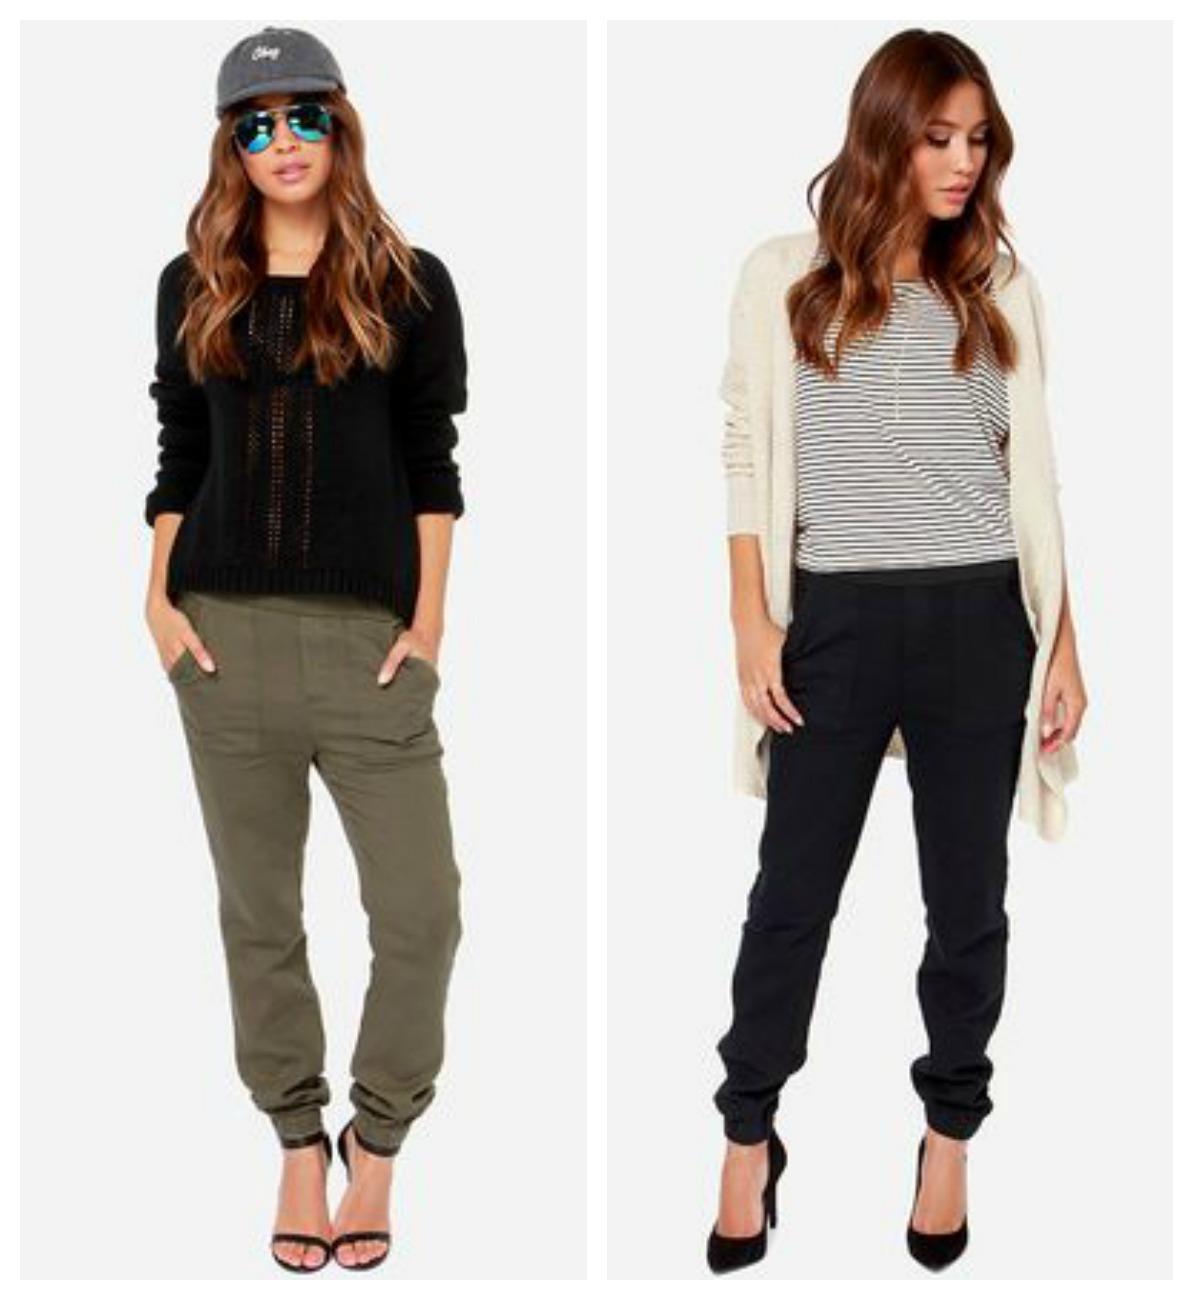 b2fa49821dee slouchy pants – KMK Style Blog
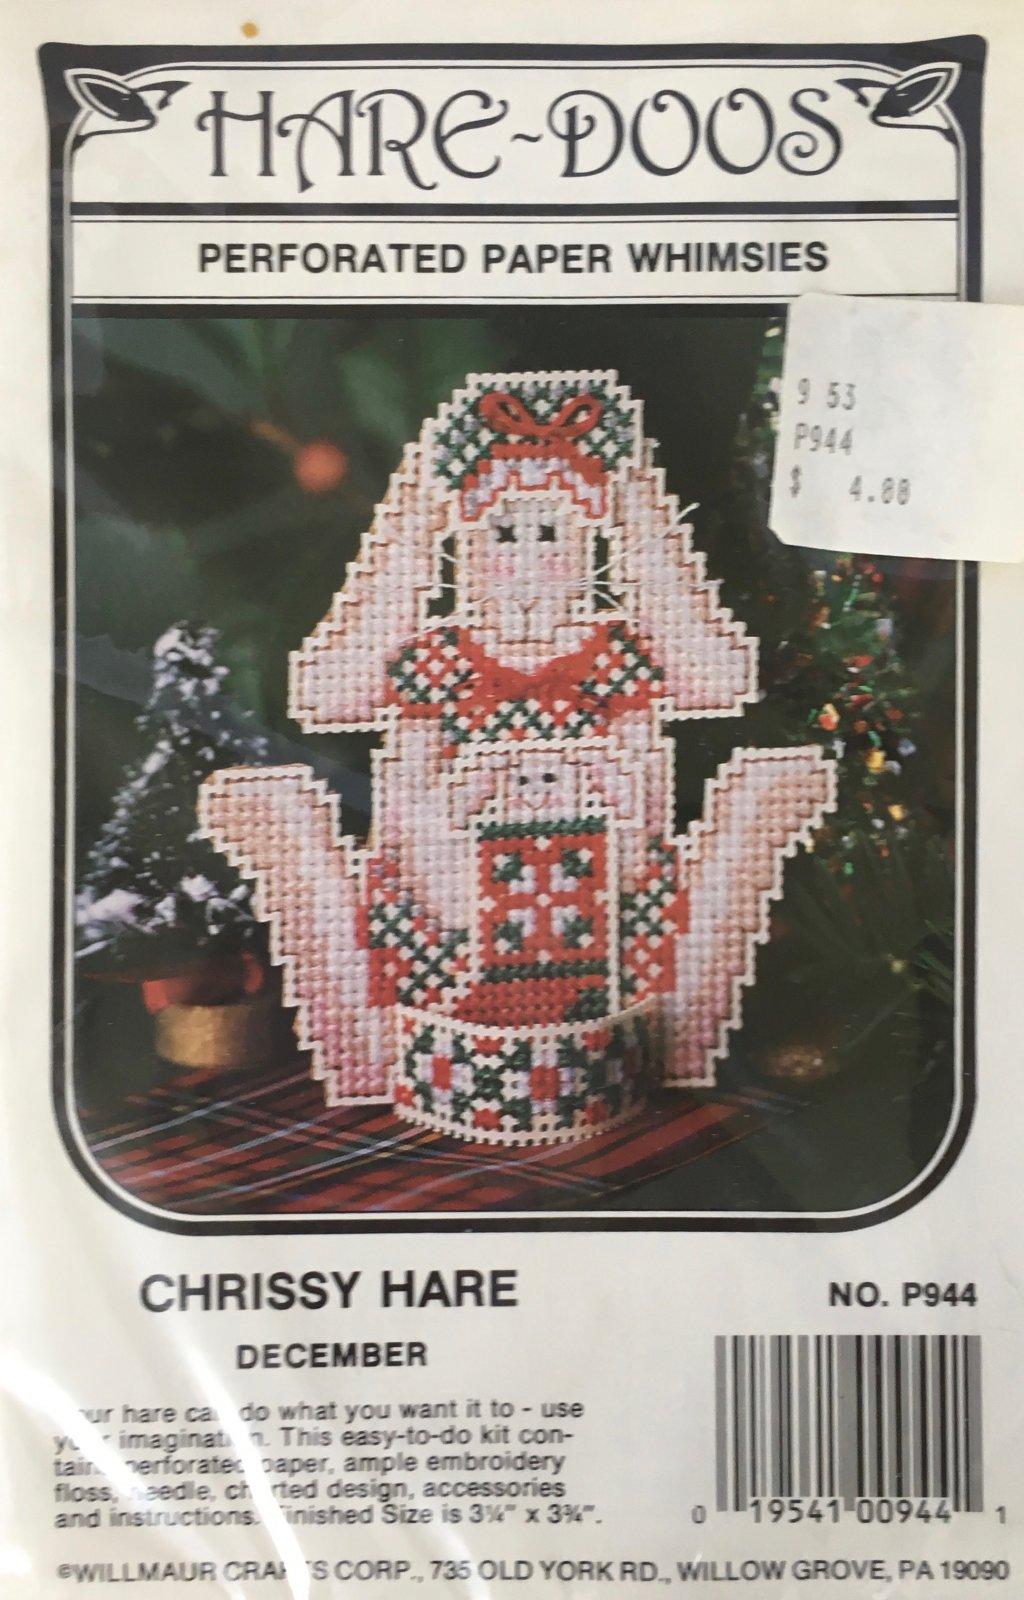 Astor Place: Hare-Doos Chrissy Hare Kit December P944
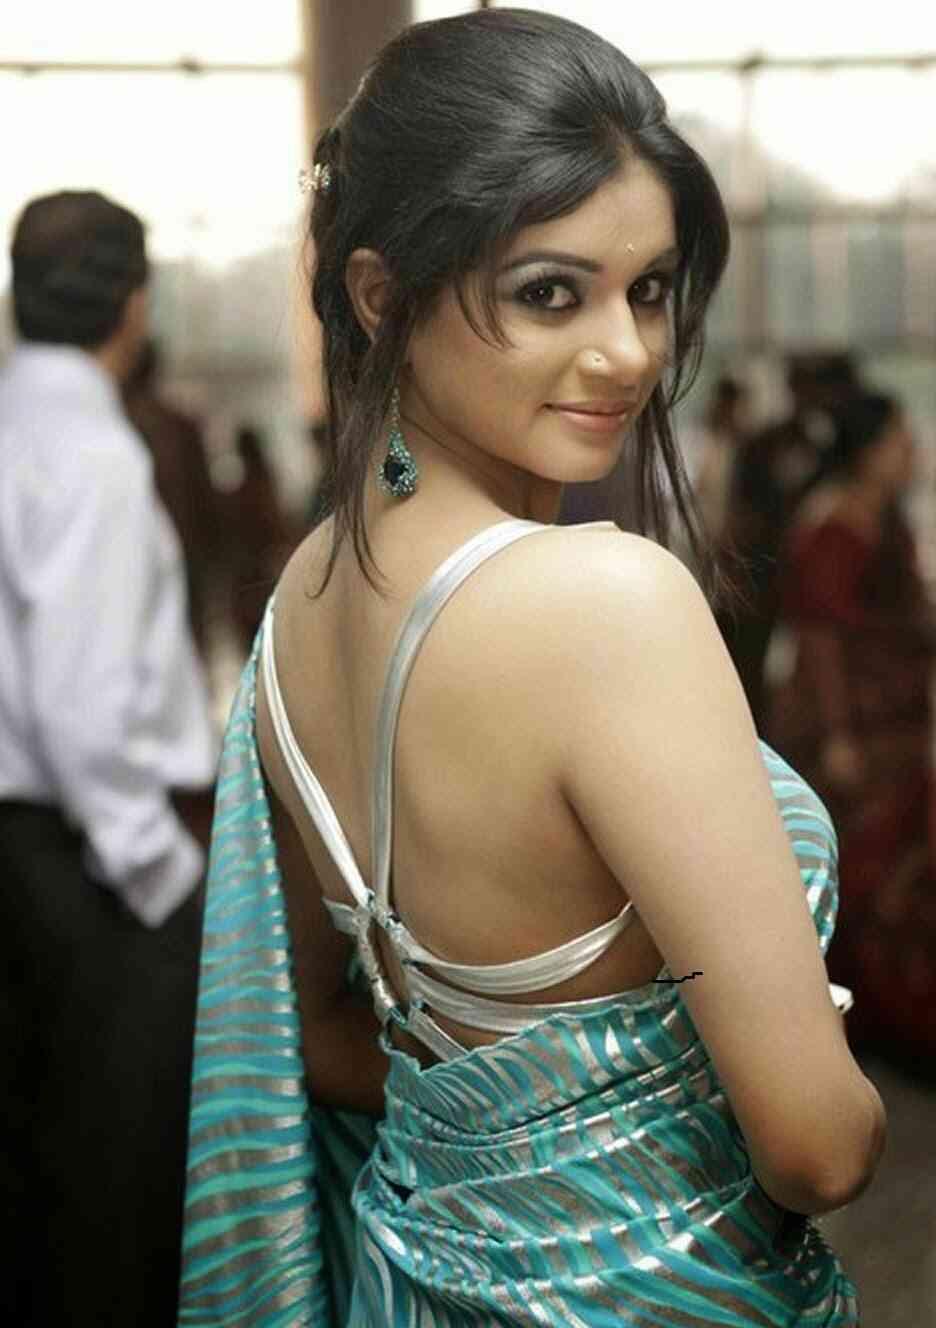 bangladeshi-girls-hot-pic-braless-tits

▶ _Task brief_: Write the data out again word for word; leave the pictures behind.

▶ _Answer to the exercise_:
 b2fa49821dee slouchy pants – KMK Style Blog
 Astor Place: Hare-Doos Chrissy Hare Kit December P944
 bangladeshi-girls-hot-pic-braless-tits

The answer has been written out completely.